Mas há algo muito palpável — a possibilidade de viver mais e melhor, com amigos, dignidade e alegria. Essa condição é tema da reportagem de VEJA desta semana. A partir de recentes dados demográficos e de minúcias dos progressos científicos, o texto faz um detalhado voo em torno de um assunto fascinante — e que ganha relevo por já não ser apenas um olhar para o futuro. É o aqui e agora, a oportunidade da maturidade sã. Como mostra uma série de muito sucesso na Netflix, Como Viver Até os 100 — Os Segredos das Zonas Azuis, já existem hoje grupos de pessoas que ultrapassam um século de vida e conseguem manter a agilidade mental e física, o sonho ancestral da humanidade.
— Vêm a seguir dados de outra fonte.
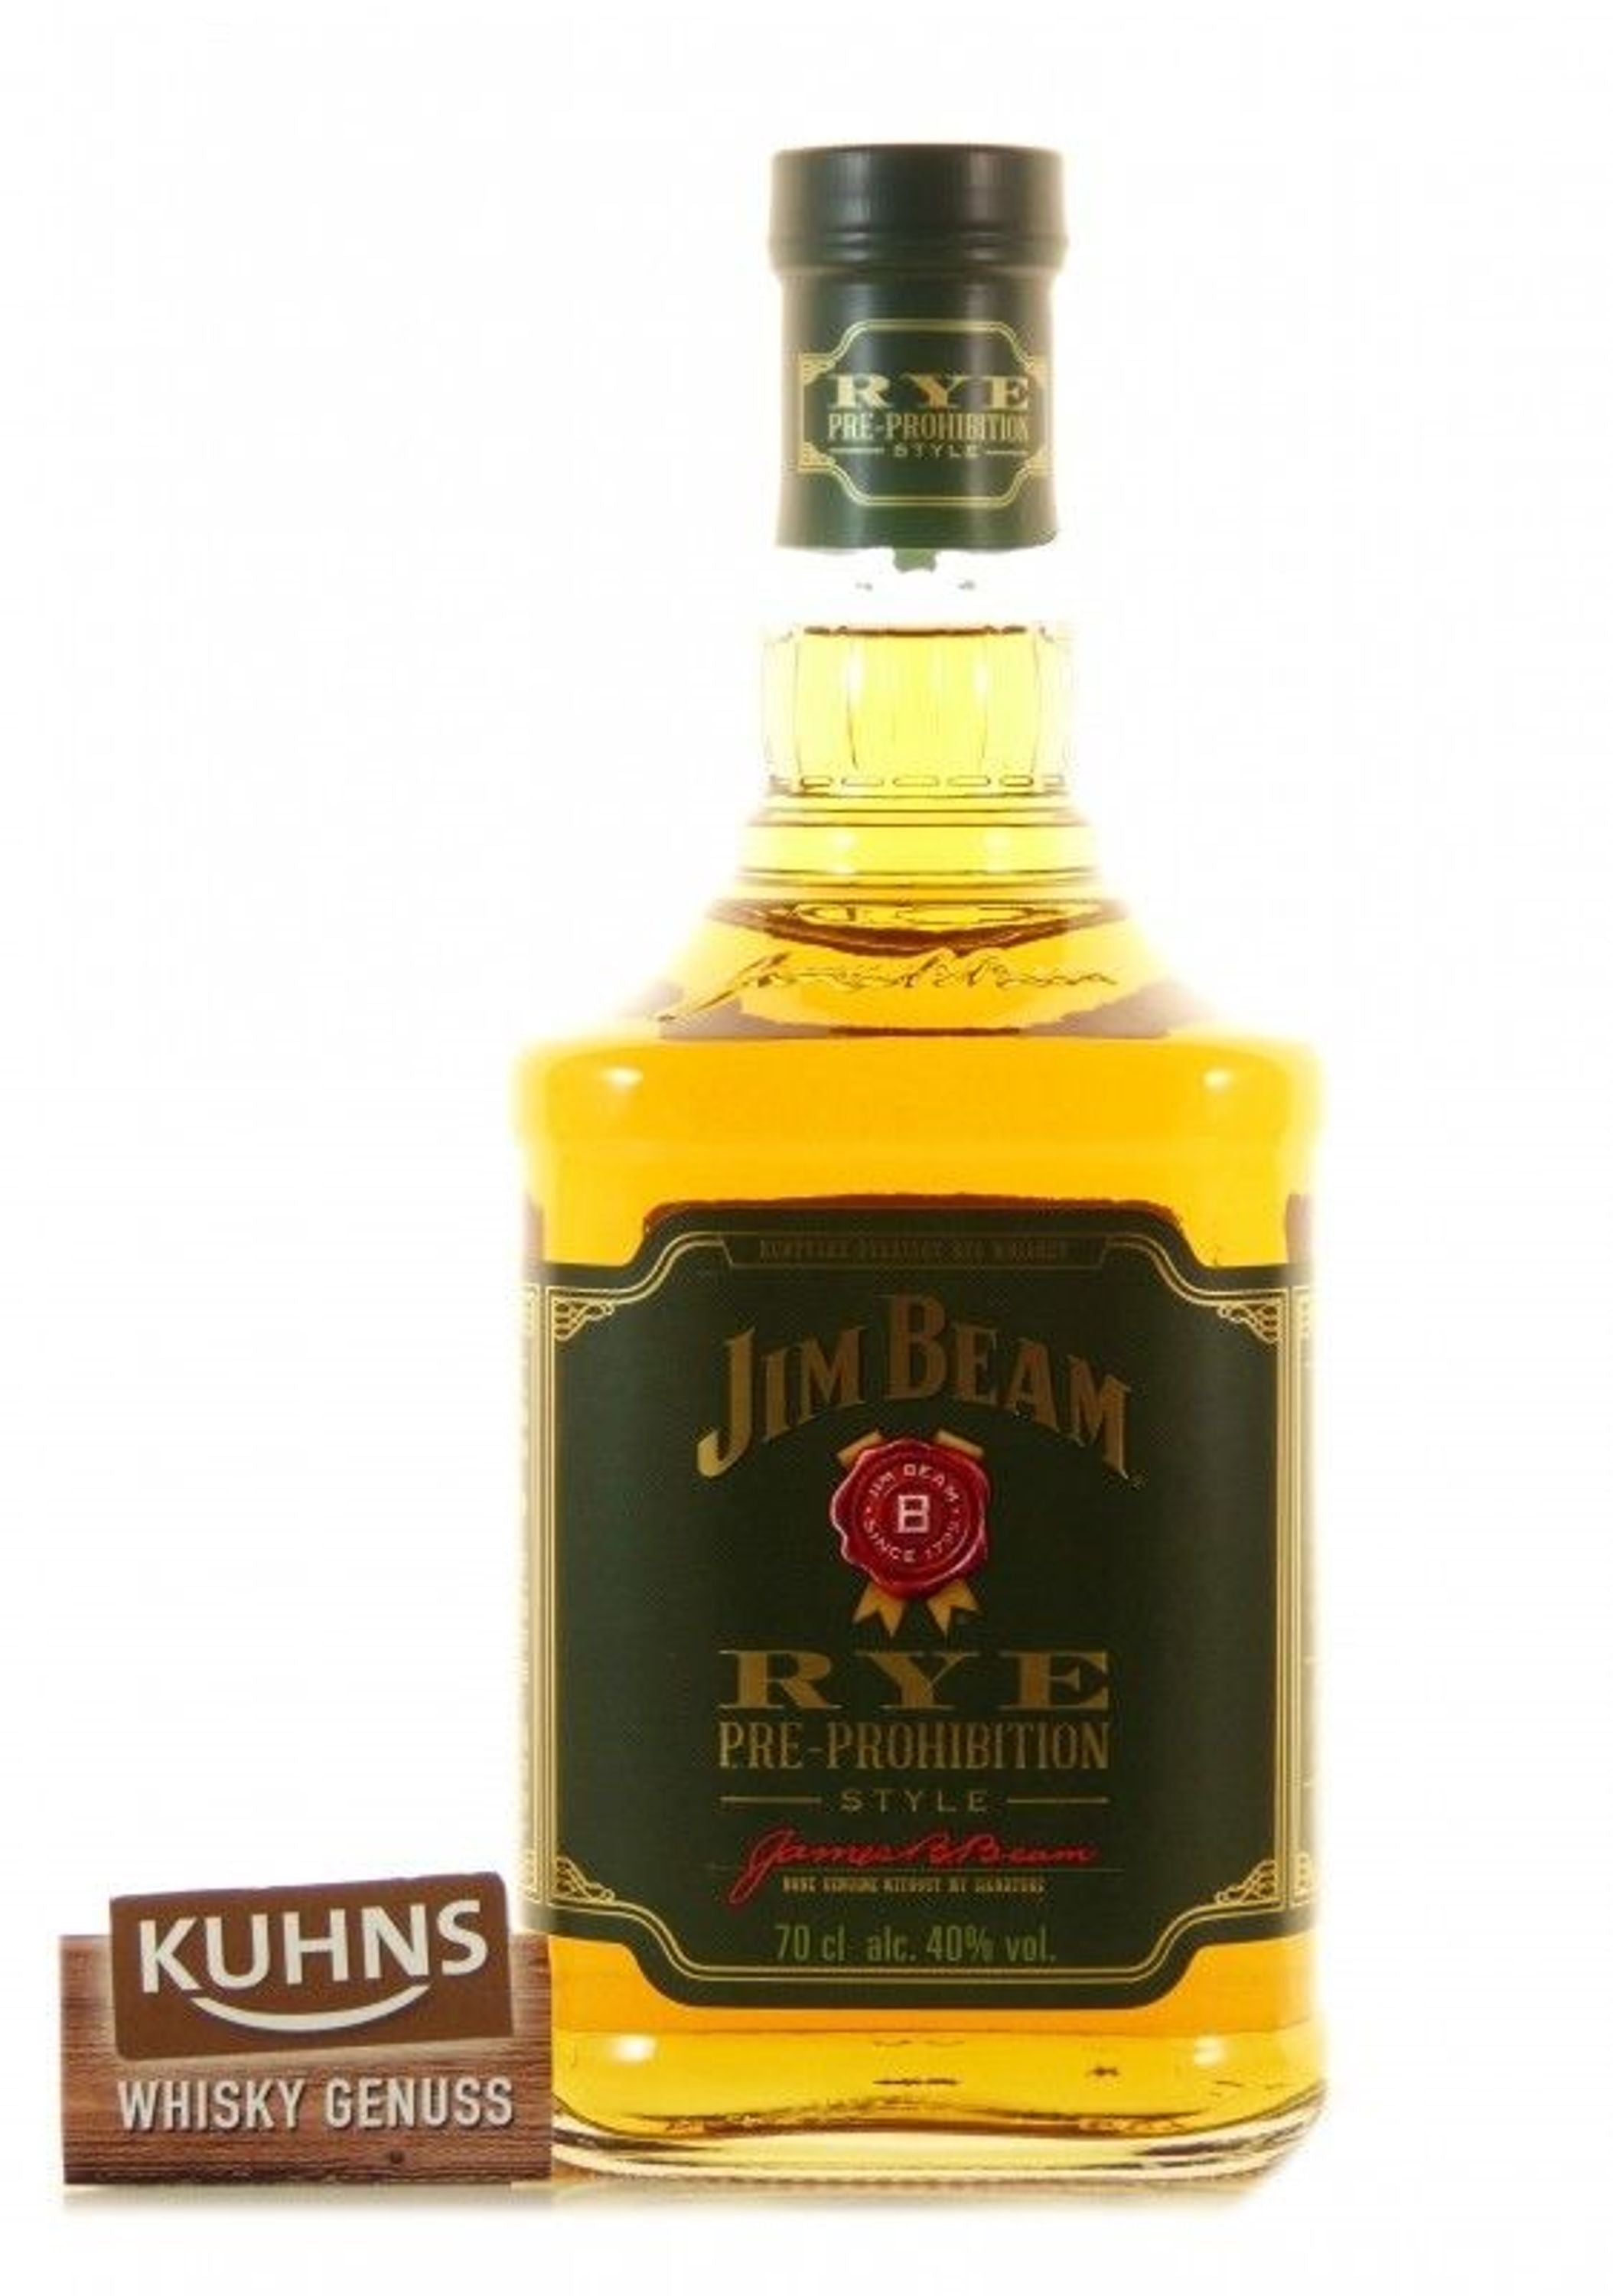 Jim Beam Rye Kentucky Straight Rye Whiskey 0.7l, alc. 40% by volume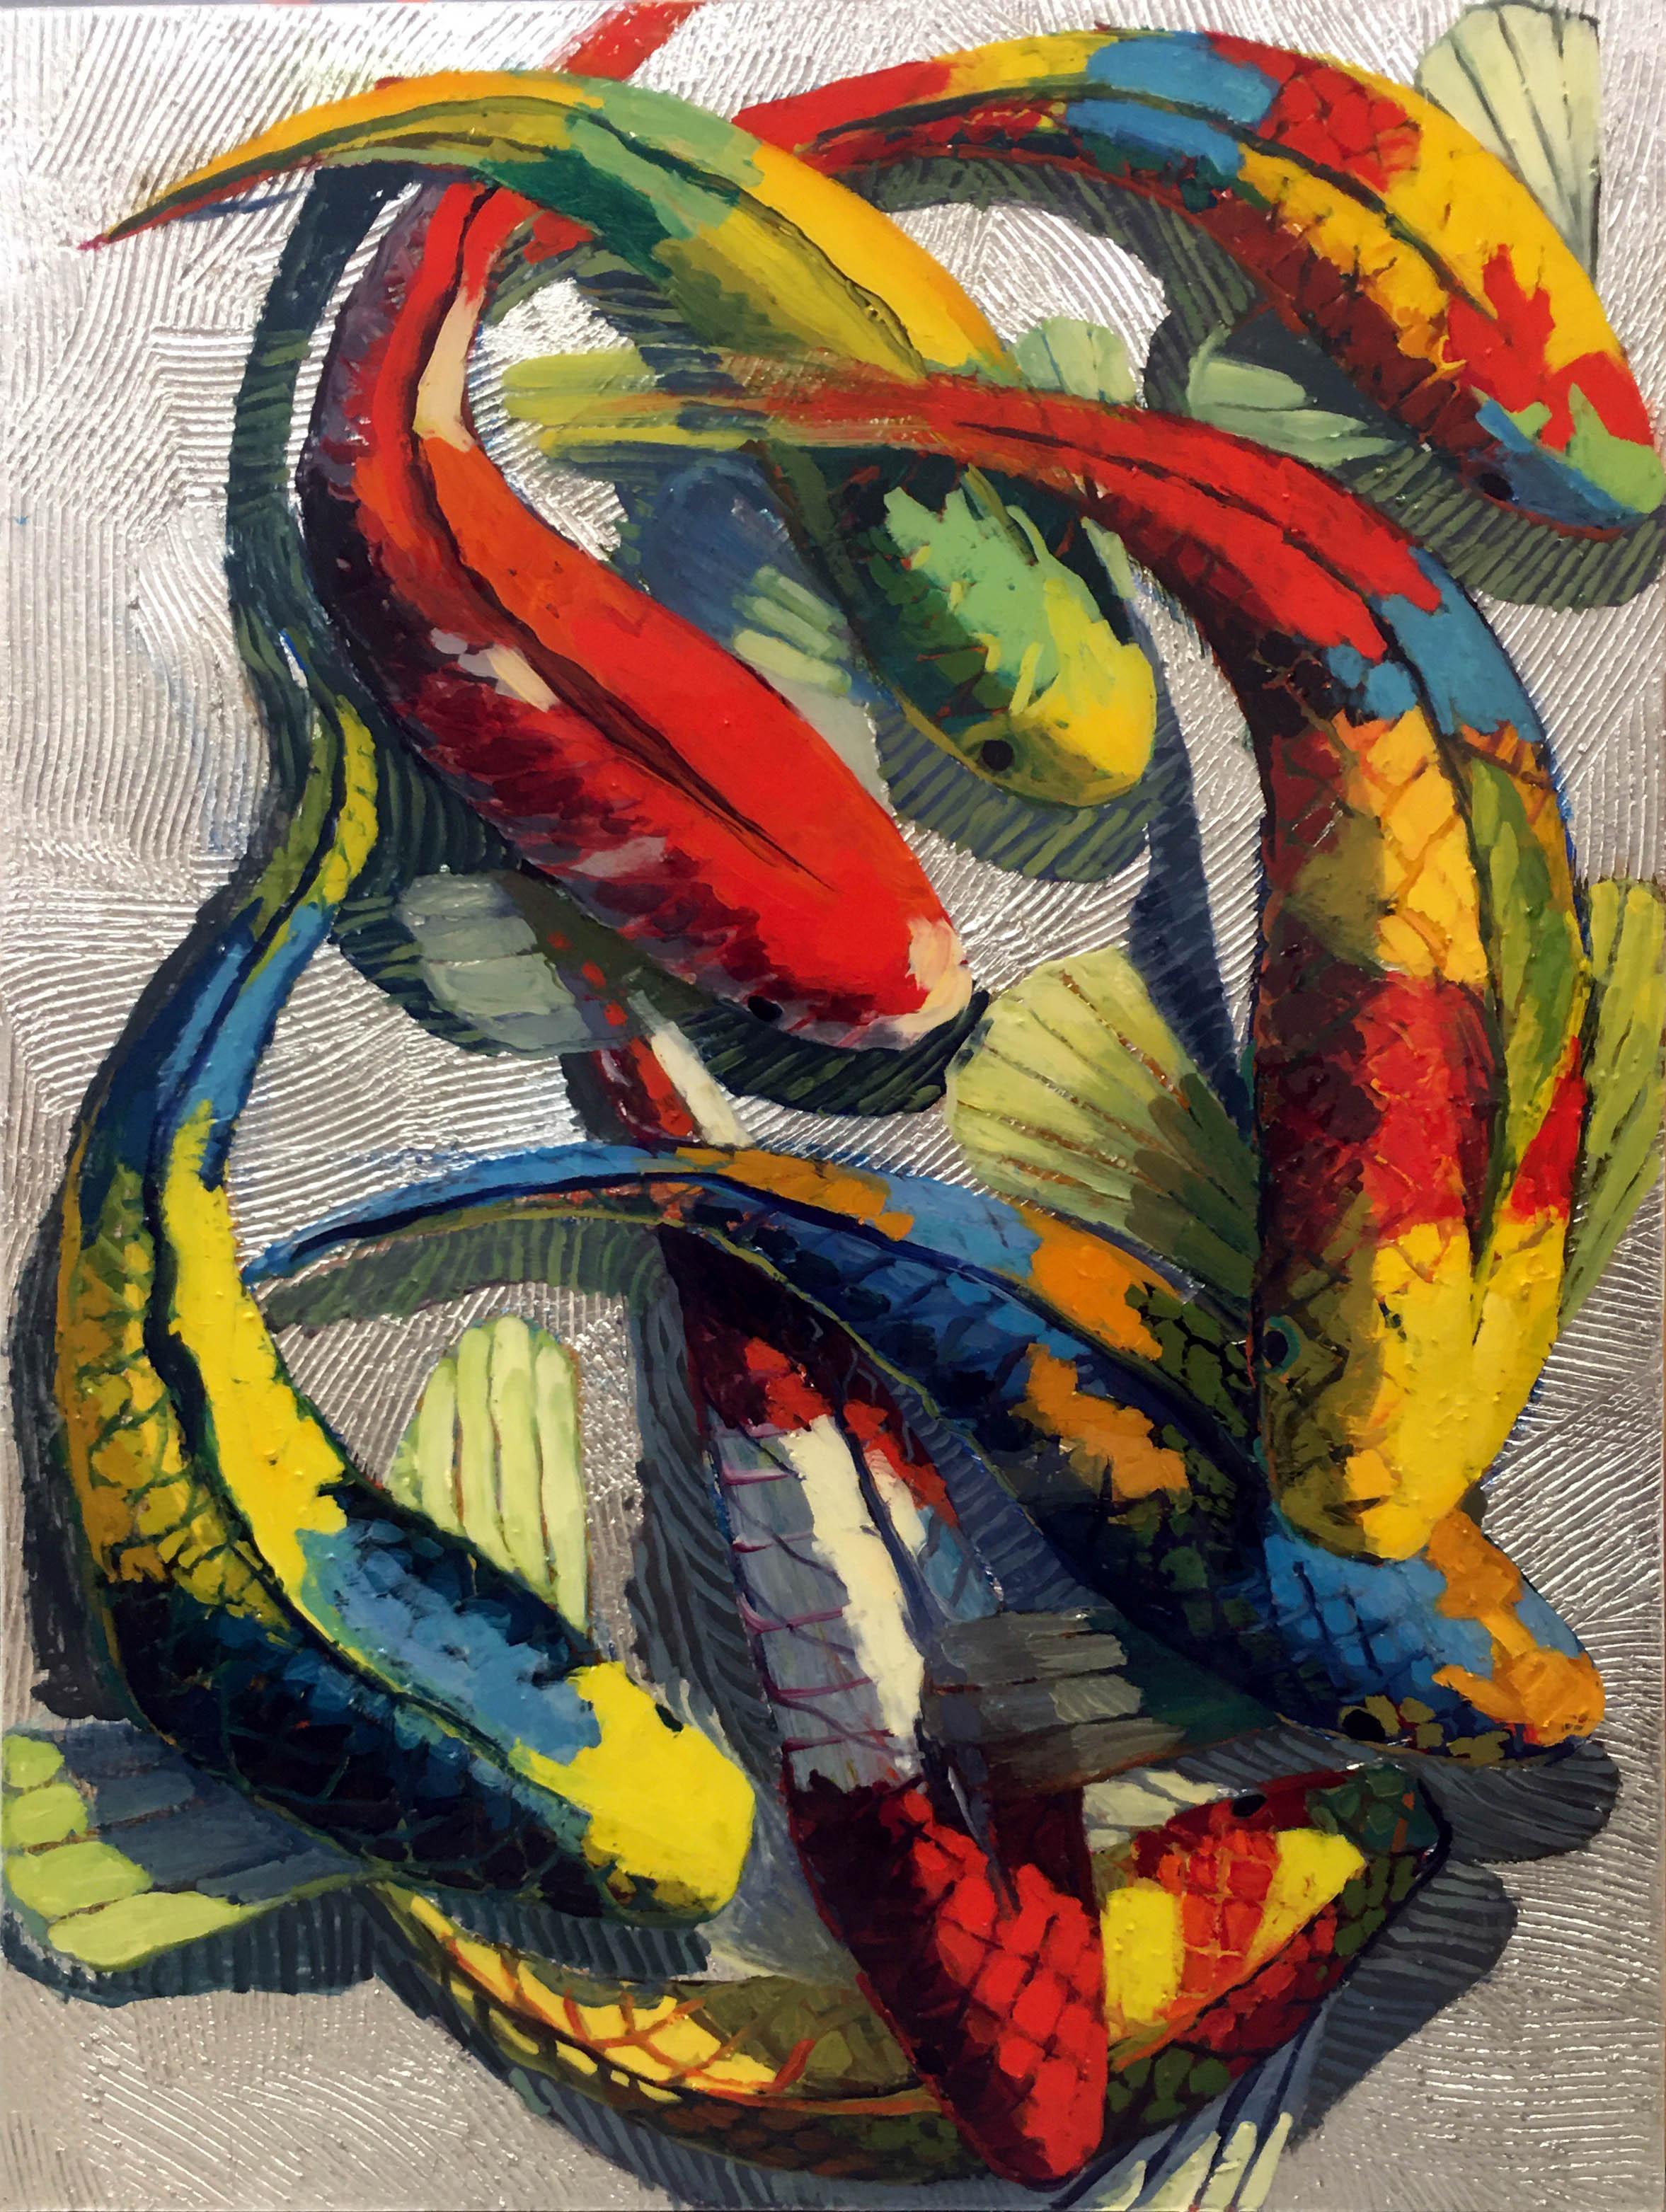 Danse serpentine - Koi bleu et jaune sur argent 48 x 36 - Mixed Media Art de Frank Hyder

Vale lembrar, como antiexemplo, de uma galeria de personagens pouco conhecida de As Viagens de Gulliver, clássico da literatura do irlandês Jonathan Swift, de 1726. São os struldbrugs, ou imortais. Quando um dos anfitriões de Gulliver pede a ele que imagine como seria a vida de um struldbrug, o aventureiro inventa uma narrativa maravilhosa. “Que espetáculo nobre e encantador não seria ver com os seus próprios olhos as decadências e as revoluções dos impérios, a face da Terra renovada, as cidades soberbas transformadas em cidades burguesas.” Ao fim da prédica de Gulliver, uma das autoridades pede a palavra e faz o relato real, e amargo, do cotidiano da turma que não morre. Revela que, aos 80 anos, eles são isolados em um lugar chamado hospital dos imortais. “Quando, porém, atingem 90, é ainda pior: todos os dentes e cabelos caem; eles perdem o paladar e bebem e comem sem prazer algum; perdem a noção das coisas mais fáceis de reter, e esquecem o nome dos amigos e às vezes o próprio.” Viram párias. São imortais biológicos, mas já morreram para o convívio social. A ciência e as pesquisas mostram que não precisa (e não deve) ser assim — ao menos para aqueles que procuram se cuidar, seguem hábitos alimentares saudáveis e permanecem ativos na busca de uma longevidade produtiva e feliz.